What is required
The reply should consist solely of the lines from the one that holds "AutoSW 2021智能汽车软件开发大会" through the last line of the material, reproduced exactly; no pictures belong in it.
Source data below:
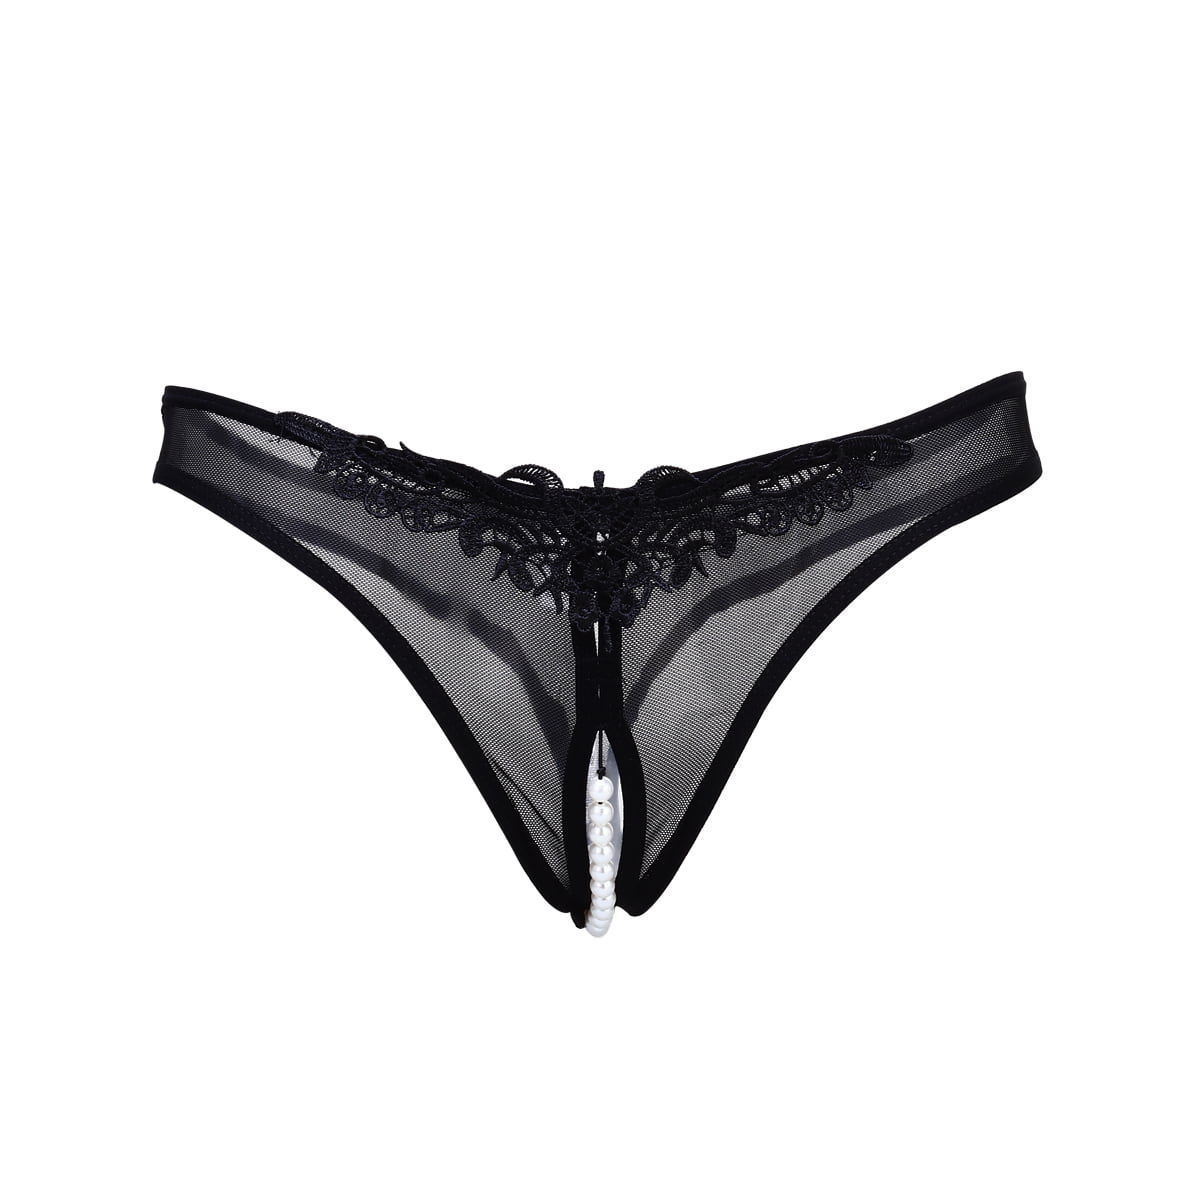 Etereauty Pearl Open Crotch Mesh Briefs Erotic Lingerie Sex Underwear for Women (Black) pic pic
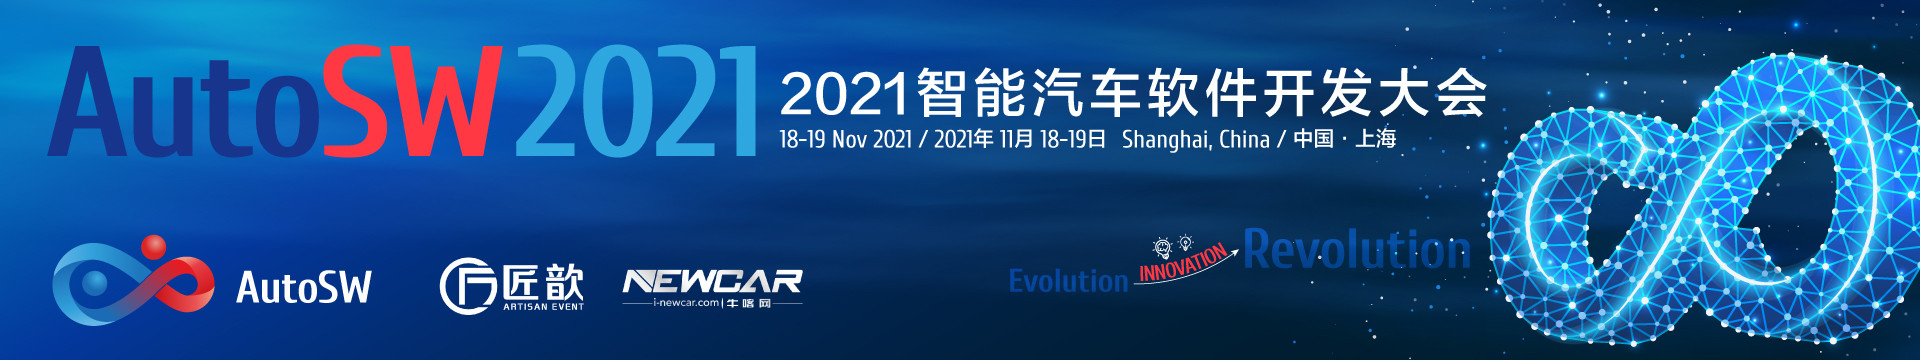 AutoSW 2021智能汽车软件开发大会
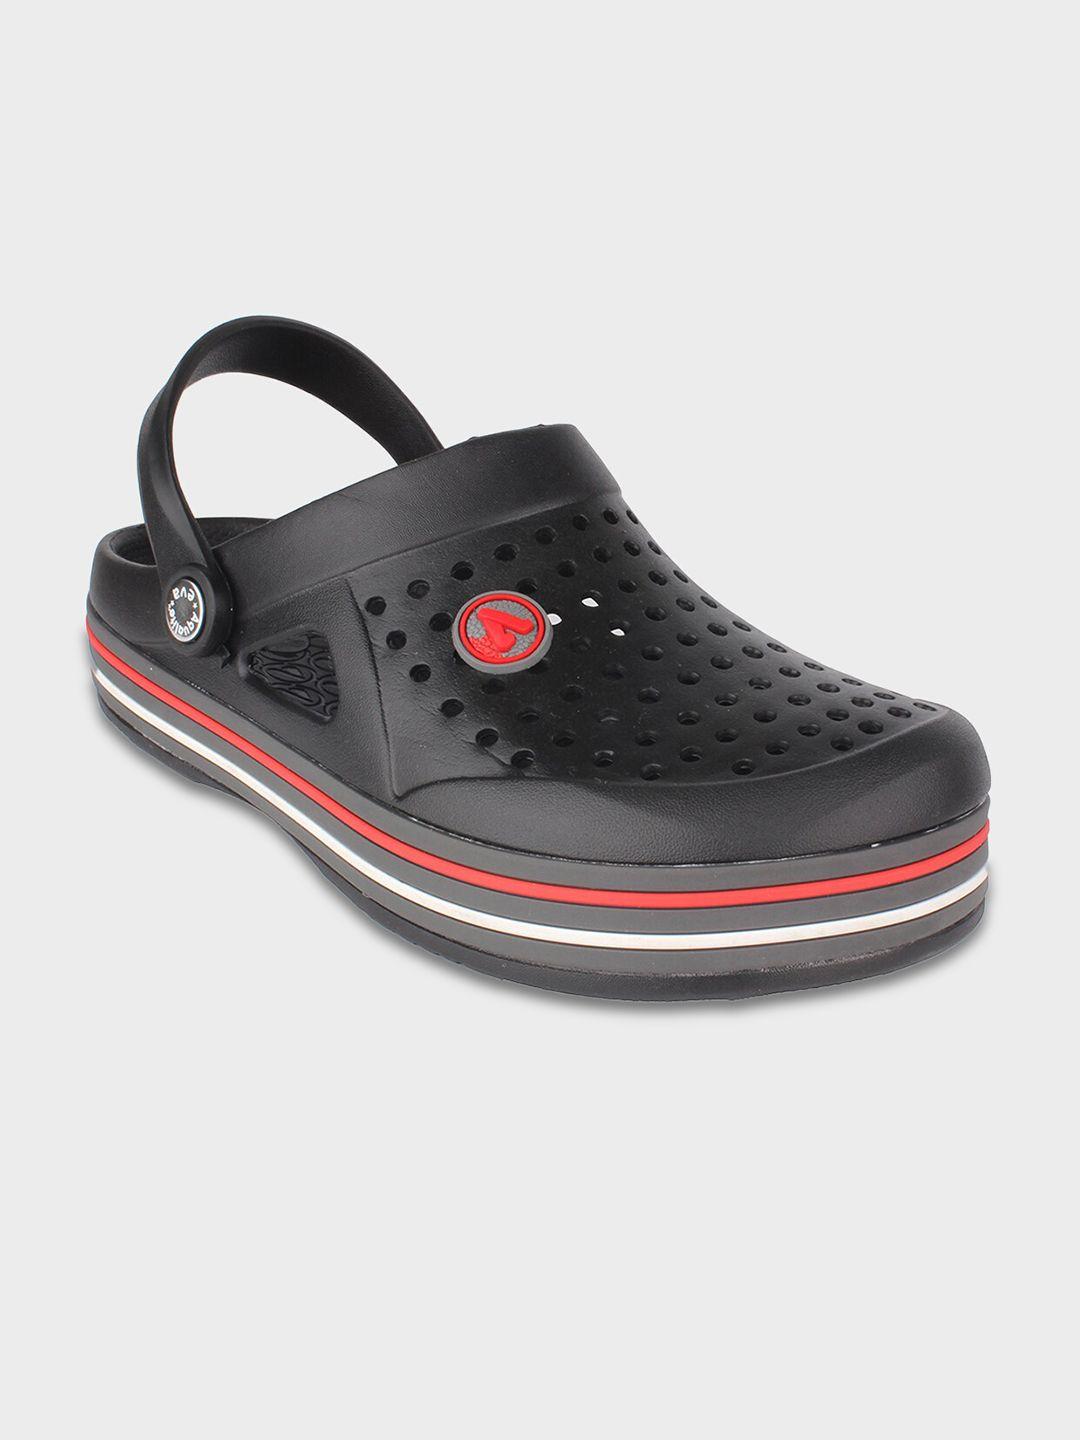 aqualite men black & grey pu clogs sandals
End of Source data.
Exercise result
 AutoSW 2021智能汽车软件开发大会
 aqualite men black & grey pu clogs sandals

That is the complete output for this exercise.